He's a con artist. Hold your car in your name and don't sell until you'd need cash for an attorney. The longer you stay in this, the more debt he will run up that you will also be responsible for in all likelihood, so get started with an attorney.


----------



## CrAzYdOgLaDy (Mar 22, 2021)

One word to describe your husband. FAKE.


----------



## Blue17Wind (8 mo ago)

armstrov said:


> I’ve already looked up divorce laws in my state. At this point I would have to go through with a divorce. I used to work in the legal field. I know how to file the paperwork myself. My concern is getting an attorney to dig deeper into other assets. If he has assets why is he hiding it? Why are we struggling, why am I applying for rental assistance? He decided to pay for half the rent for Jan, March, April and May. This money came from his retirement. Meanwhile his parents medical expenses were paid by him a few months ago. Where we live at rent is very expensive as well as the cost of living. I’ve lived in this apartment prior to us getting married and thankfully we have this place. Avg rent is Aprox 1800 for a 1 br. If I were going to move out I would not qualify for a place on my own and neither would he. I’m actually working for a multi family property management company. My goal is to make enough to qualify for rent at a discounted rate or become a manager m so I can get free rent. It’s easy to say move out but if I did where would I go? I also don’t want to make too much money bc I don’t want him to try to have me pay him spousal support. I’m also in real estate. I will focus on real estate after the divorce. If he were making this effort I would go all out and be super successful. When my firm shut down late last year, part of me knew at the time he was likely using me so I quit. Maybe quitting was a dumb decision and we argue about that but when we were on our honeymoon and he pulled that stunt I felt he planned that so I could pay for everything. I figured he would likely expect me to pay for everything else too.


This made absolutely no sense. If neither of you are producing an income there is no expectation of support. Even if there were it would only be up to 40% of the income of the greater wage earner, minus the other persons income. For a duration of 50% of the time married at seperation (Less than 10 yrs.). In this situation 6 months at most, with majority of States granting nothing for such a short marraige.
With you wanting to dig into his possiblity of hiding assets from you. I'm starting to think you are just as guilty of deception. Even if you were to discover an asset under "discovery" those would be assets before marraige which you have no legal right, too. Now if you did get pregnant and went to term with his child, then the child would be entitled to child support, dependent on custody agreement. But spousal support will still not be a guarantee even in this situation. Again, this concept of needing to hiring a lawyer to look into his assets has shed the light on a different level.


----------



## Casual Observer (Sep 13, 2012)

armstrov said:


> He pays for half of the groceries and my phone bill. I was scheduled to get new tires (Aprox 1200) right after we were married. I was going to pay for them. Since I paid for honeymoon I could get new tires. Earlier this year he actually paid for tires for my car but he used a credit card. When I mentioned divorce a couple of months ago he said if I divorced him he would take the tires off my car and take my phone. He also promised me a brand new car prior to marriage. My car thankfully is almost paid off. It’s a luxury car and is 5 years old. I thought about selling it bc I can get 10k more than what I owe on it. I prefer selling my car to be the last option. At this point I’m just trying to save but I have so much to pay for that my pay only covers my portion of the rent, gas, a couple of bills and that’s it. He does not let me see his account just like I don’t let him see mine. His kids are a few years younger than me. One has a house and a family and prior to us marrying he said he was trying to help her pay her house off…

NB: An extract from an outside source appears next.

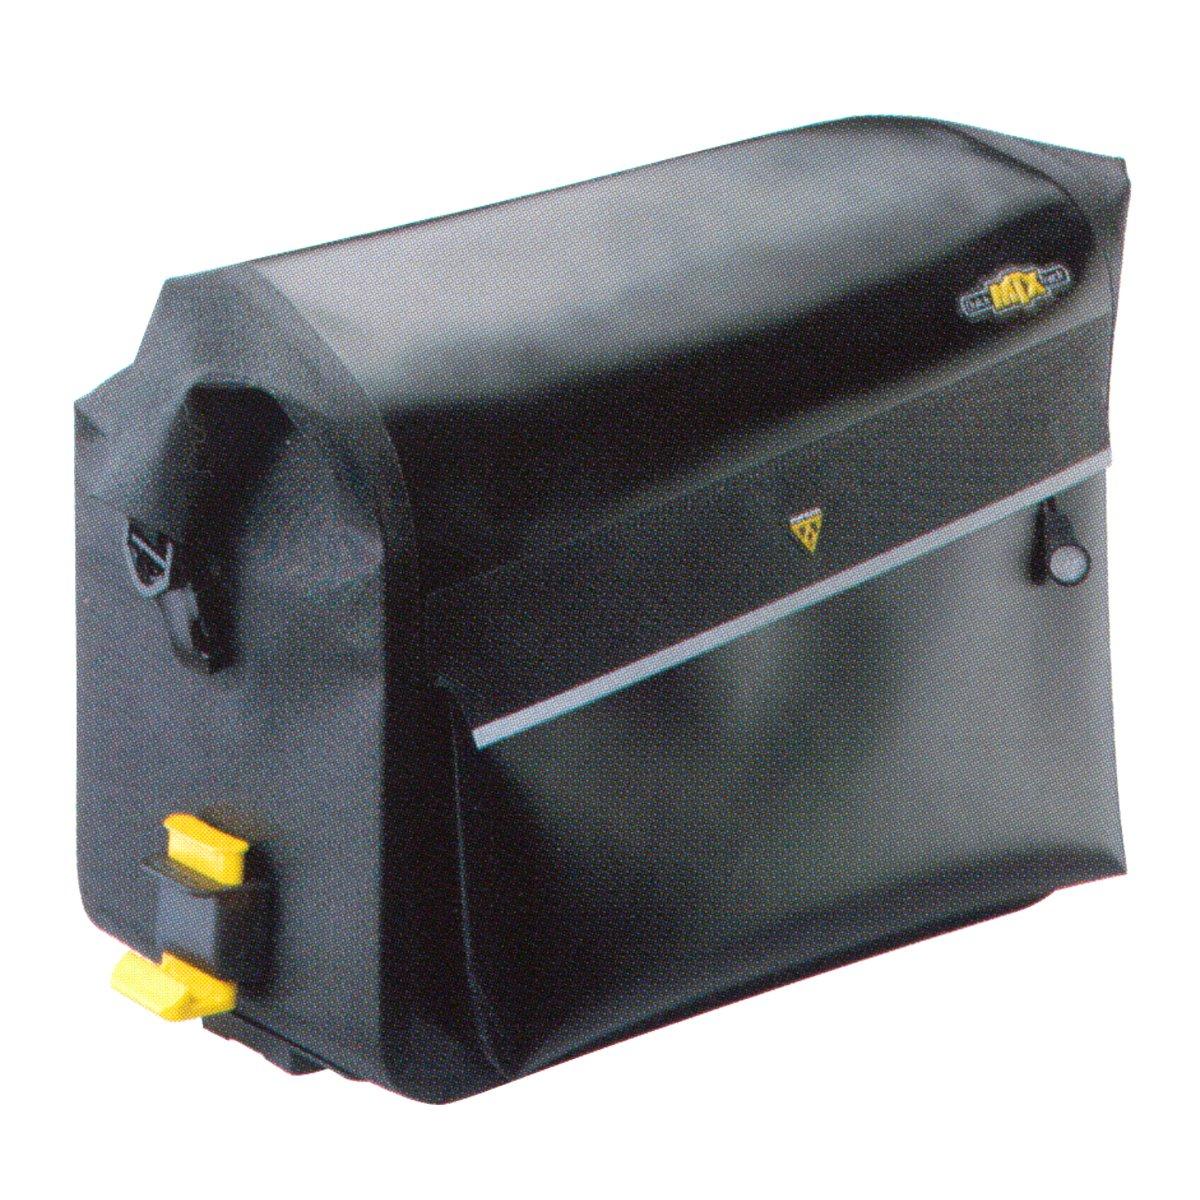 Topeak Mtx Trunk Dry Bag (Black, 15x9.4x10.2-Inch)

Call his bluff. Geez, threatening to take the tires off your car as a way of stalling you?

How did you trust someone who had previously cheated on a wife anyway?


----------



## Wolfman1968 (Jun 9, 2011)

Annulment.


----------



## Prodigal (Feb 5, 2011)

I think @Blue17Wind brings up a valid point here. What is your motivation to find his "hidden assets"? You have no legal rights to anything he earned prior to your marriage. Y'know, for someone who claims to have worked in the legal profession, you sound woefully uninformed.


----------



## armstrov (8 mo ago)

Prodigal said:


> I think @Blue17Wind brings up a valid point here. What is your motivation to find his "hidden assets"? You have no legal rights to anything he earned prior to your marriage. Y'know, for someone who claims to have worked in the legal profession, you sound woefully uninformed.

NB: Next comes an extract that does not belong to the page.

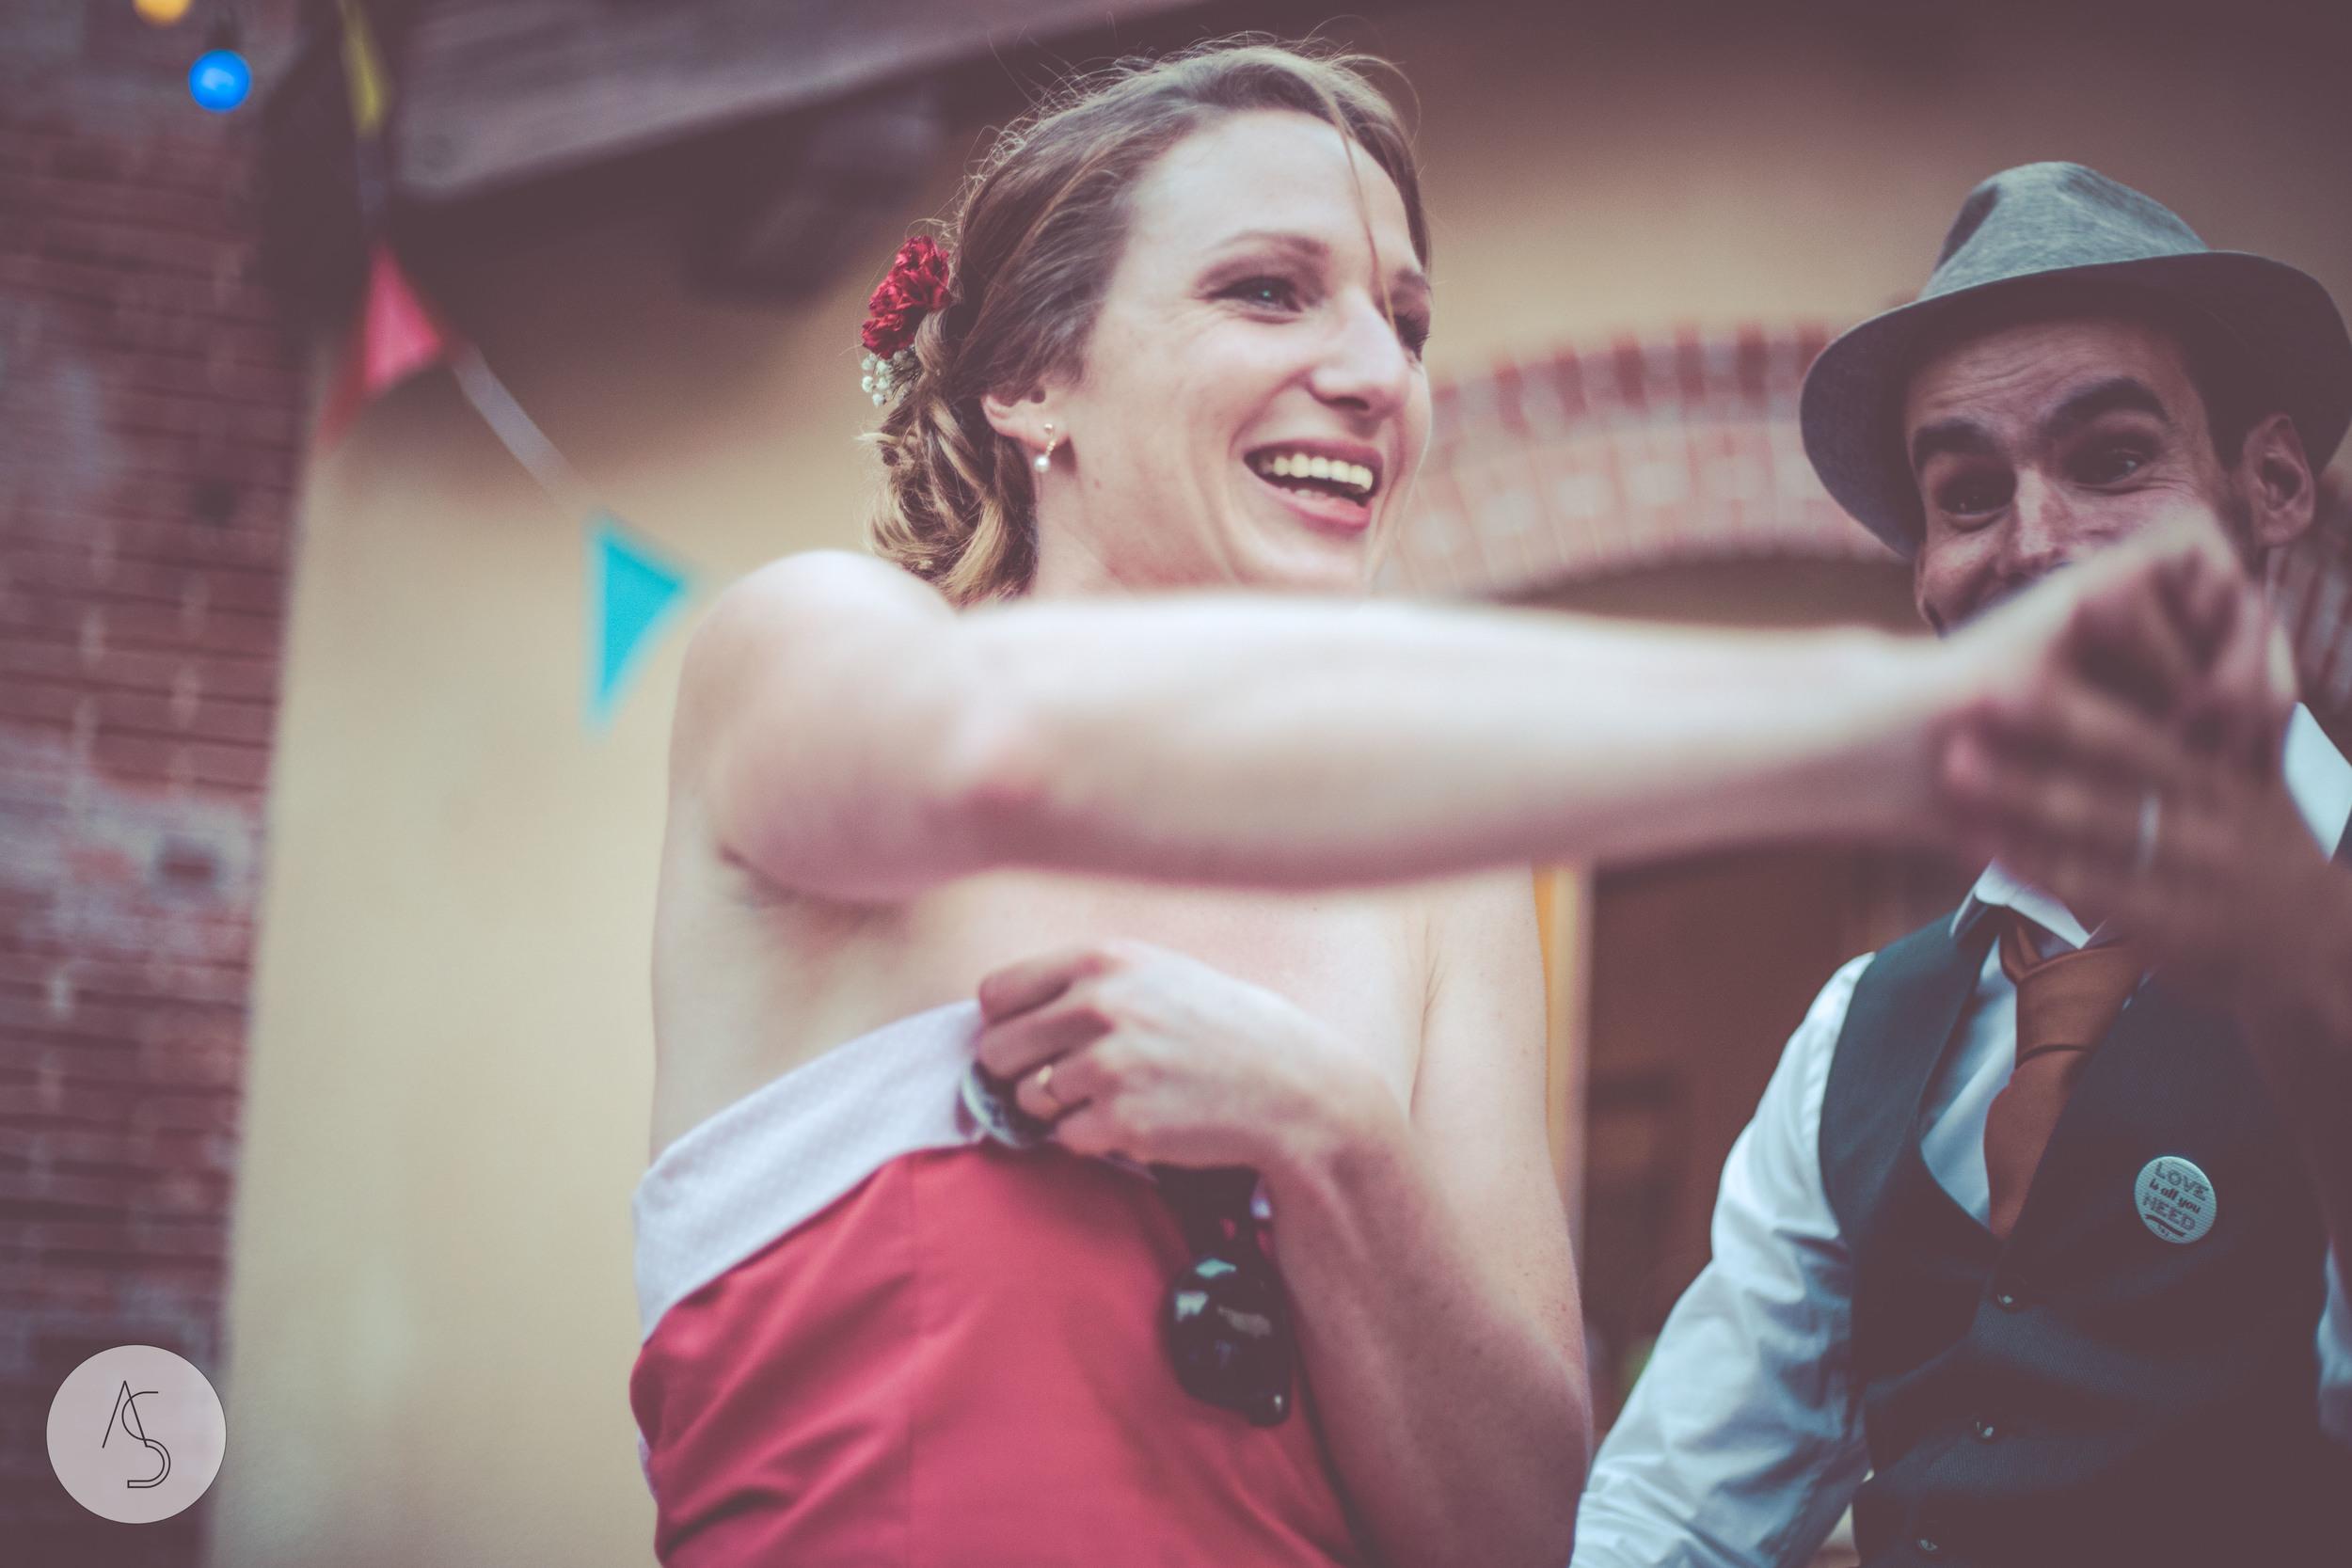 photographe mariage - Grenoble - Rhone Alpes - Adriana Salazar photo-148.jpg

Simple, I want what was promised to me.


----------



## ABHale (Jan 3, 2016)

armstrov said:


> Simple, I want what was promised to me.


Don’t we all. Some of us had better luck then others.

I would like to see him take your tires.

If you have a good car and it is almost paid for, do not sell it. Pay it off then you will have the extra funds to help you move forward.

He showed you who he is saying he would remove the tires from your car. He threatened you instead of fixing the issues.


----------



## Openminded (Feb 21, 2013)

I think you’ll likely find yourself out of luck collecting on those promises.


----------



## Diana7 (Apr 19, 2016)

Sadly scammers and liars promise a lot but give nothing. They just take.


----------



## Beach123 (Dec 6, 2017)

Since he isn’t willing to be a partner for you - divorce him.
He scammed you! He’s been lying for a long time.
Get out while you can! It would be easier being on your own. At least you can trust yourself.


----------



## Prodigal (Feb 5, 2011)

armstrov said:


> I want what was promised to me.


What specifically did he promise?


----------



## Prodigal (Feb 5, 2011)

armstrov said:


> Prior to us getting married, my husband made promises to me and made it seem like he was able to support us financially.





armstrov said:


> I cannot trust him financially and to remain faithful.


Based on ^^this^^ I think you should consider making peace with the fact that his "promises" are not going to be kept. Sadly, you can want him to come through and make good; however, it sounds like this man is not trustworthy. It's up to you to determine if you can stay in a marriage to a man who has a history of lying and cheating. If not, it would behoove you to leave.


----------



## Evinrude58 (Jun 16, 2014)

So his promise was to support you financially, and him paying half of everything isn’t living up to his promises? So you wanted a man that would pay your way in life?
That’s a pretty good deal, no doubt.


----------



## Beach123 (Dec 6, 2017)

Evinrude58 said:


> So his promise was to support you financially, and him paying half of everything isn’t living up to his promises? So you wanted a man that would pay your way in life?
> That’s a pretty good deal, no doubt.


she indicated she loved her job and made good money.
She expected to be able to quit working when she planned to have kids.


----------



## SunCMars (Feb 29, 2016)

BigDaddyNY said:


> You don't know what goes on behind closed doors.


Or, on the other side of the veil.

You deal with those living on this side of that veil.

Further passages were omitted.